Structural Learning in a Visuomotor Adaptation Task Is Explicitly Accessible
Type
Structural learning is a phenomenon characterized by faster learning in a new situation that shares features of previously experienced situations. One prominent example within the sensorimotor domain is that human participants are faster to counter a novel rotation following experience with a set of variable visuomotor rotations. This form of learning is thought to occur implicitly through the updating of an internal forward model, which predicts the sensory consequences of motor commands. However, recent work has shown that much of rotation learning occurs through an explicitly accessible process, such as movement re-aiming. We sought to determine if structural learning in a visuomotor rotation task is purely implicit (e.g., driven by an internal model) or explicitly accessible (i.e., re-aiming). We found that participants exhibited structural learning: following training with a variable set of rotations, they more quickly learned a novel rotation. This benefit was entirely conferred by the explicit re-aiming of movements.
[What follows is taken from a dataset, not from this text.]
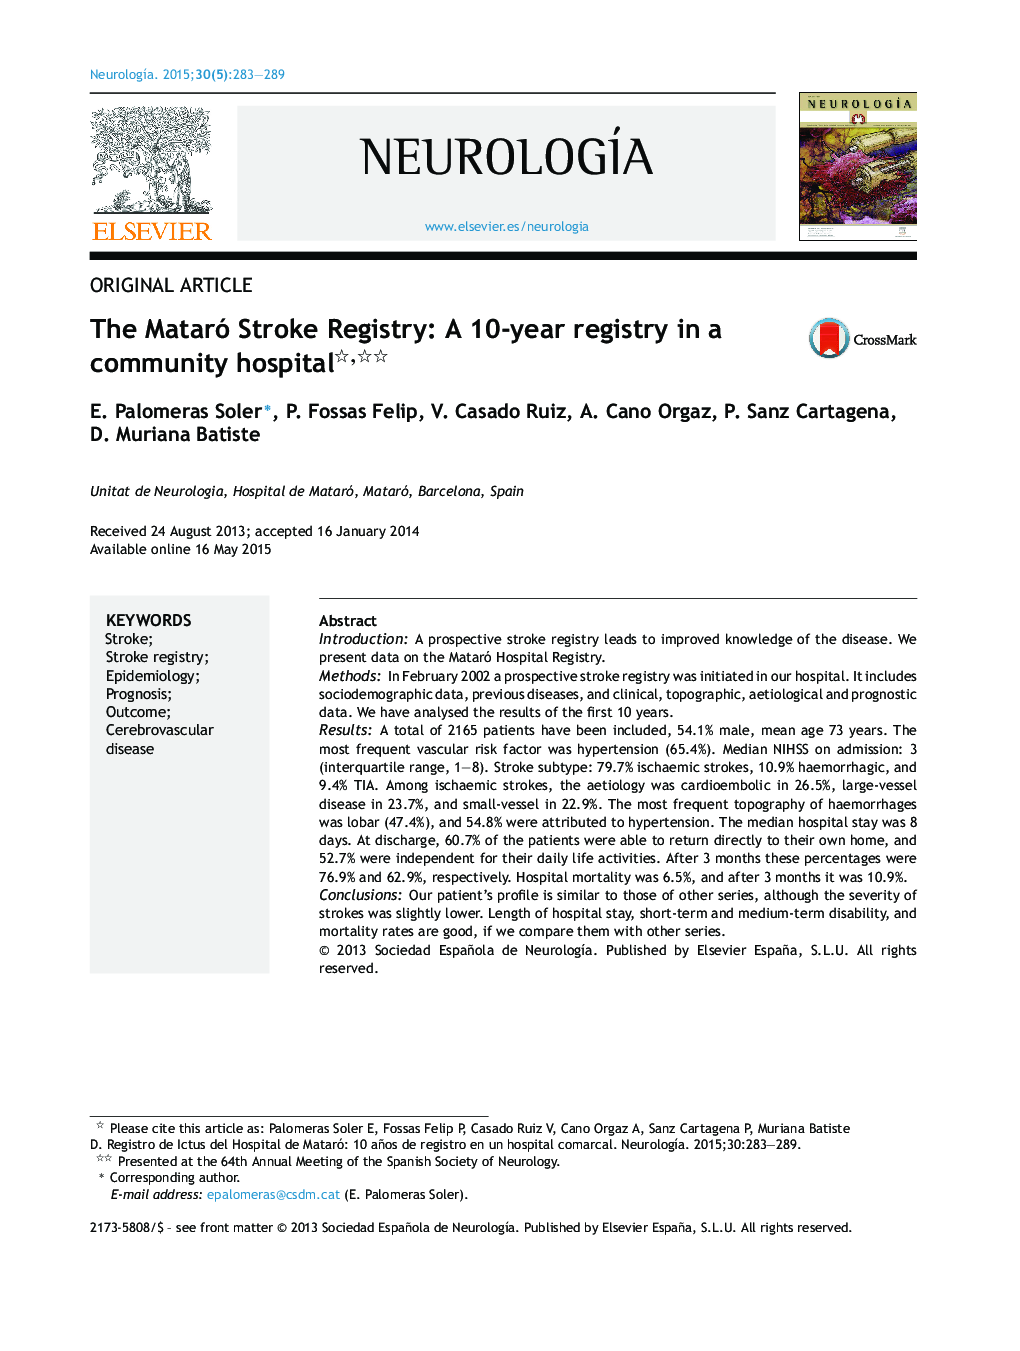 The Mataró Stroke Registry: A 10-year registry in a community hospital

Implicit learning offered little to no contribution. Next, we investigated the specificity of this learning benefit by exposing participants to a novel perturbation drawn from a statistical structure either congruent or incongruent with their prior experience. We found that participants who experienced congruent training and test phase structure (i.e., rotations to rotation) learned more quickly than participants exposed to incongruent training and test phase structure (i.e., gains to rotation) and a control group. These results suggest that structural learning in a visuomotor rotation task is specific to previously experienced statistical structure and expressed via explicit re-aiming of movements.